The External Ligurides are far-travelled and detached units that are confined to the northernmost Apennines between Torino and Bologna (Fig. 6). They overlie thin slices of Subligurian units and the Cervarola unit representing flysch deposits of the Adriatic foredeep outcropping in two small windows (Molli et al. 2010). The External Ligurides dominantly consist of detached Cretaceous-Paleocene flysch sequences (Helminthoid flysch) overlying basal mélange-type complexes (Marroni et al. 1998, 2001, 2002b). Two main subgroups of units can be recognized: those associated with ophiolites and with ophiolite derived debris (Molli 1996), and others without ophiolites and associated with fragments of Mesozoic sedimentary sequences and conglomerates with continental Adria affinity often remarkably similar to those found in the Alpine upper plate units of the Préalpes Romandes (Elter et al. 1966). Hence, the External Ligurides are regarded as representing the former ocean-continent transition within the Adria plate. Very commonly the stratigraphic base of the Oligocene part of the Epiligurian basins only exhibits a modest angular unconformity up to few tens of degrees (Piazza et al. 2016). Due to the syn-depositional sinistral transpression during Oligocene to Early Miocene times sealed by a Burdigalian unconformity mentioned earlier, the base of the Burdigalian and younger deposits of the Epiligurian succession locally overlies overturned older sequences of Late Cretaceous to Early Miocene successions (Piazza et al. 2016). In summary, the External Ligurides represent an ocean-continent transition area within the Adria upper plate of the Alps that was only locally overprinted by substantial late Alpine deformations of Oligocene to Early Miocene age, largely synchronous with stage 2 deformation in the Western Alps.
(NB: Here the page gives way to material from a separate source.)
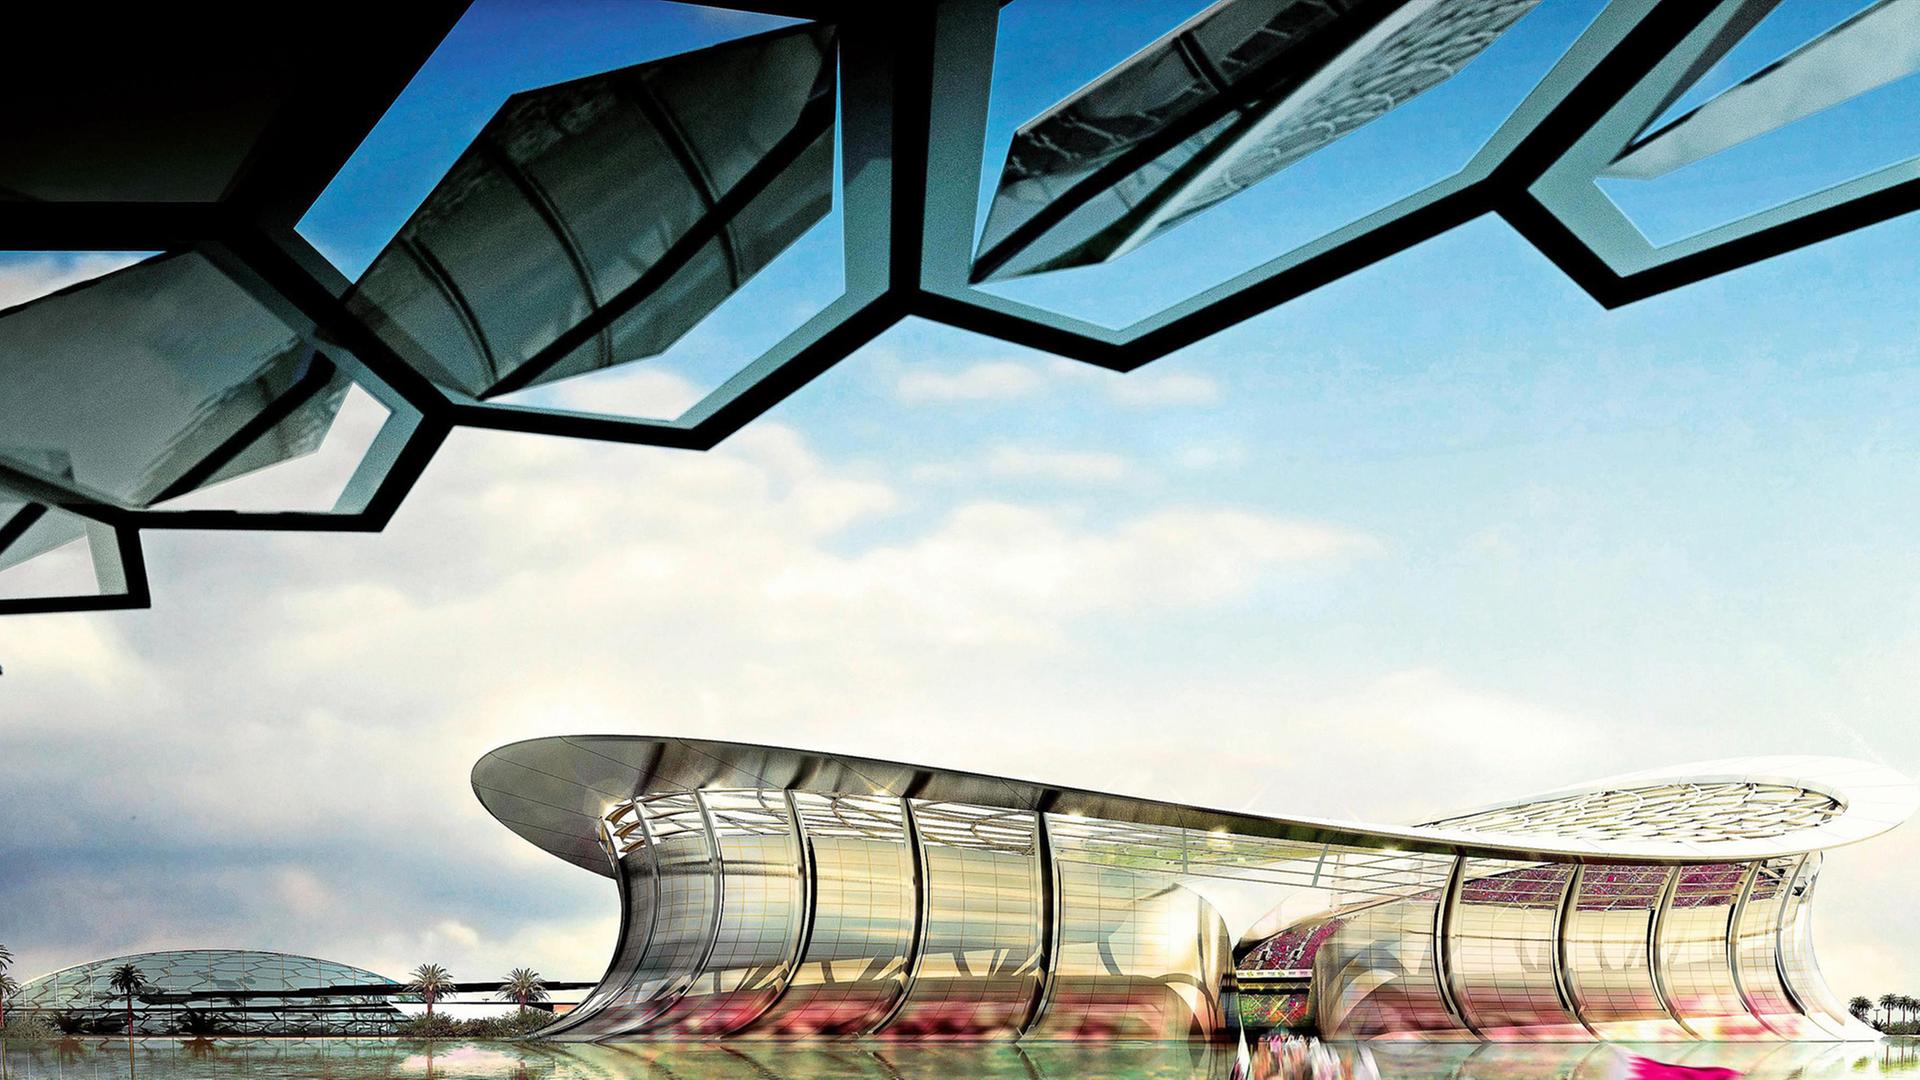 Ein Stadion in dem arabischen Emirat Katar. Da findet 2022 die Fußball-Weltmeisterschaft statt
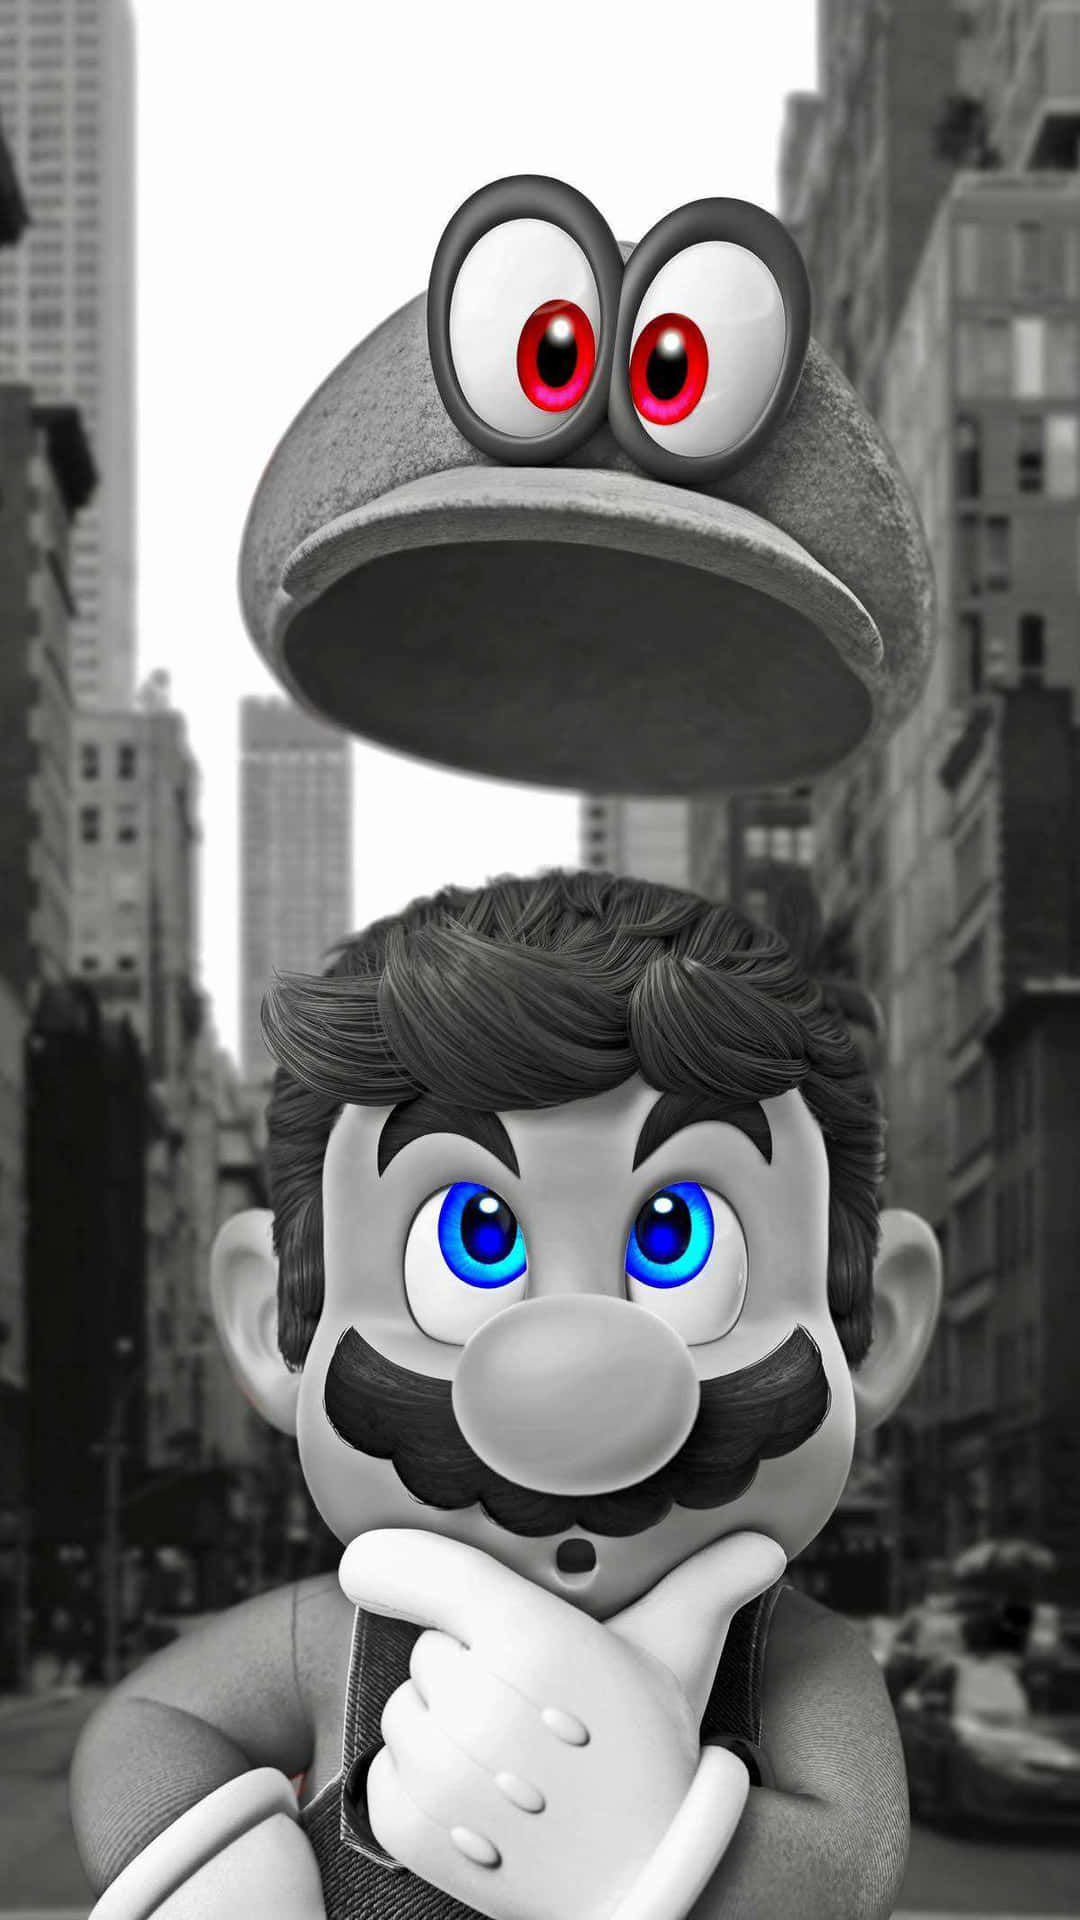 Upplevden Äventyrliga Världen Av Super Mario På Din Iphone Genom Att Välja En Passande Bakgrundsbild. Wallpaper

A substantial Alpine overprint has not been documented in the southerly adjacent Tuscan Ligurides, representing a Piedmont-Liguria ophiolitic sequence identical to that observed in the Internal Ligurides or the Alps (Principi et al. 2004). Due to massive extension locally leading to core complex formation (Brunet et al. 2000), Tuscany exposes deep portions of the Apenninic orogen that locally reached blueschist facies conditions with pressures up to some 1.3 GPa (Rossetti et al. 2002), mostly affecting the underlying Tuscan nappe that represents the lower plate unit during Apenninic orogeny. Locally, also the immediately overlying Tuscan Ligurides (Jolivet et al. 1998; Brunet et al. 2000; Rossetti et al. 2002) became involved in subduction during the Apenninic orogeny. Hence, it is likely that the Tuscan Ligurides only became involved in W-directed Apenninic subduction and suffered penetrative deformation within a W-dipping subduction channel. A significant ophiolitic complex that is part of the Tuscan Ligurides is exposed on Gorgona Island (Orti et al. 2002). Metasediments associated with these ophiolites suffered blueschist facies metamorphism reaching about 1.5 GPa at around 25 Ma (Rossetti et al. 2001). Gorgona island is located far offshore Tuscany (Fig. 6) and very close to the northern continuation of the new plate boundary that formed during the earliest stages of Apenninic orogeny associated with W-directed subduction and subsequent roll back of the mantle slab below the North Apennines (Spakman and Wortel 2004). W-directed subduction initiated east of the Corsica basin that represents a >8.5 km thick rift basin filled with undeformed Late Oligocene to Burdigalian sediments (Mauffret et al. 1999; Finetti 2005) deposited as the Adriatic slab started to roll back, causing extension in the Corsica basin located in the Apenninic upper plate. The range of radiometric ages obtained for the high-pressure metamorphism in the Tuscan units is also significantly younger (26–20 Ma; Rossetti et al. 2002) when compared with the radiometric ages obtained in the ophiolitic units of Corsica where Cretaceous to latest Eocene ages (Vitale Brovarone and Herwartz 2012, and references therein) have been obtained. In summary, the Tuscan Ligurides are very likely to only have been affected by Apenninic orogeny, associated with W-directed subduction in latest Oligocene to Miocene times.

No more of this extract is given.